On 11 March 2026, Žižka was announced as the Czech representative for the Eurovision Song Contest 2026 with the song "Crossroads" and the song was released along with a music video. The selection of Žižka and the song, written together with Viliam Béreš, was determined by the combination of votes from an international jury of music professionals from three countries following an audition round at the Czech Television studios. The songwriting process for "Crossroads" took approximately a year and a half and after this period it took a further six months to produce the song.

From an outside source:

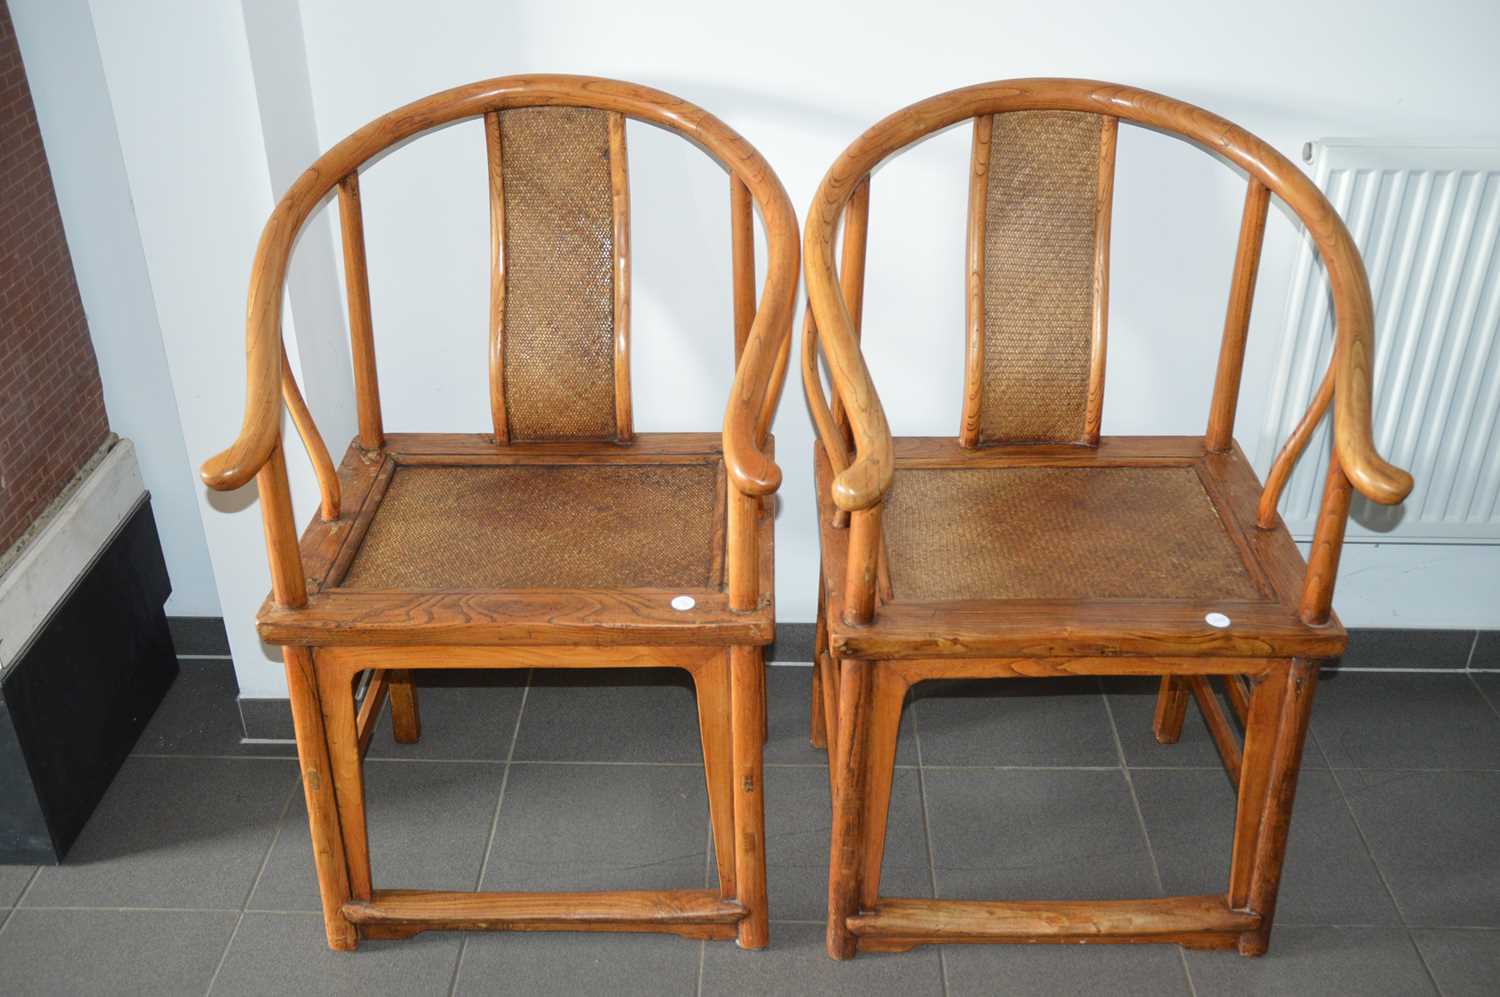 Lot 53 - A pair of late 19th century Chinese elm horseshoe back chairs
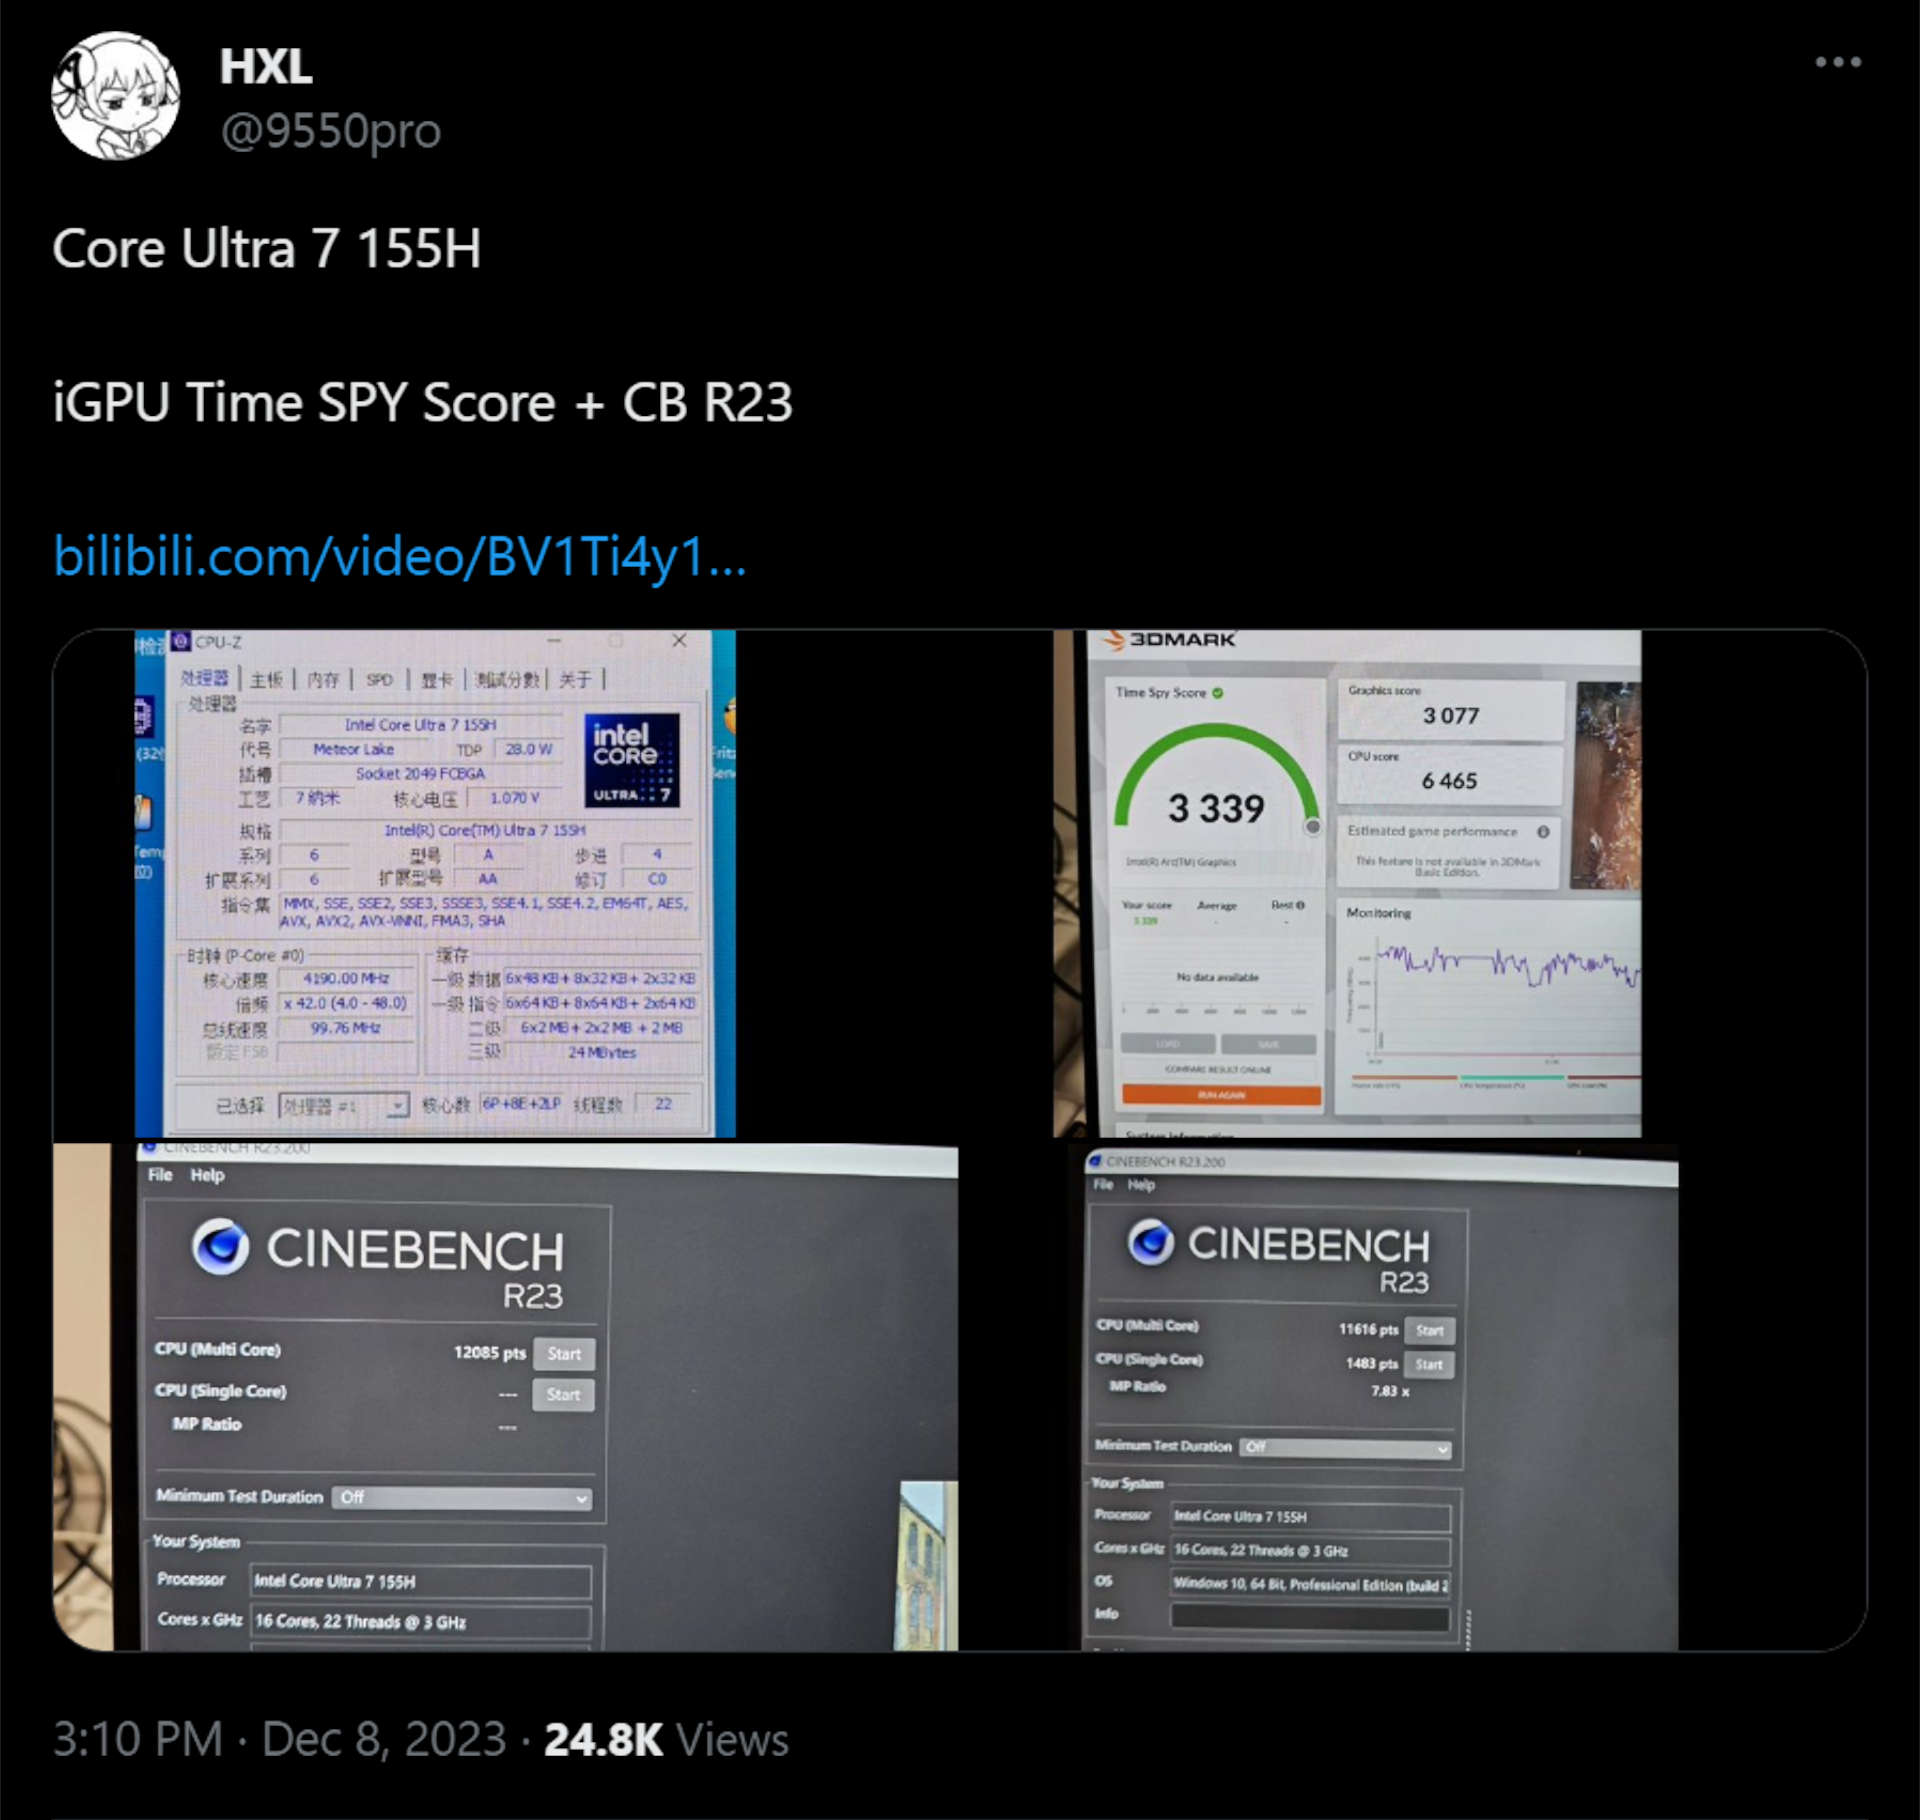 Screenshot of a Twitter post, with alleged leaks of Intel Core 7 Ultra 155H benchmark results

"Crossroads" explores the idea of what happens when a person is standing "...at an imaginary crossroads and must choose a further path"; this theme is reflected in the stage performance which builds on ideas of reflection, illusion, and fragmentation. The staging is directed by Ruy Okamura, who also directed the music video for "Crossroads", and it includes four large movable mirror panels which create constantly changing perspectives on stage, symbolising the different paths and possible outcomes of one's decisions. The repeated reflections of the singer further emphasise the song's introspective atmosphere and the uncertainty tied to moments of choice. When asked "What are you seeing in these mirrors?" Žižka responded, "a lot of... choices, many possible realities, maybe something that can feel overwhelming. You don't know which way to go, many options in life".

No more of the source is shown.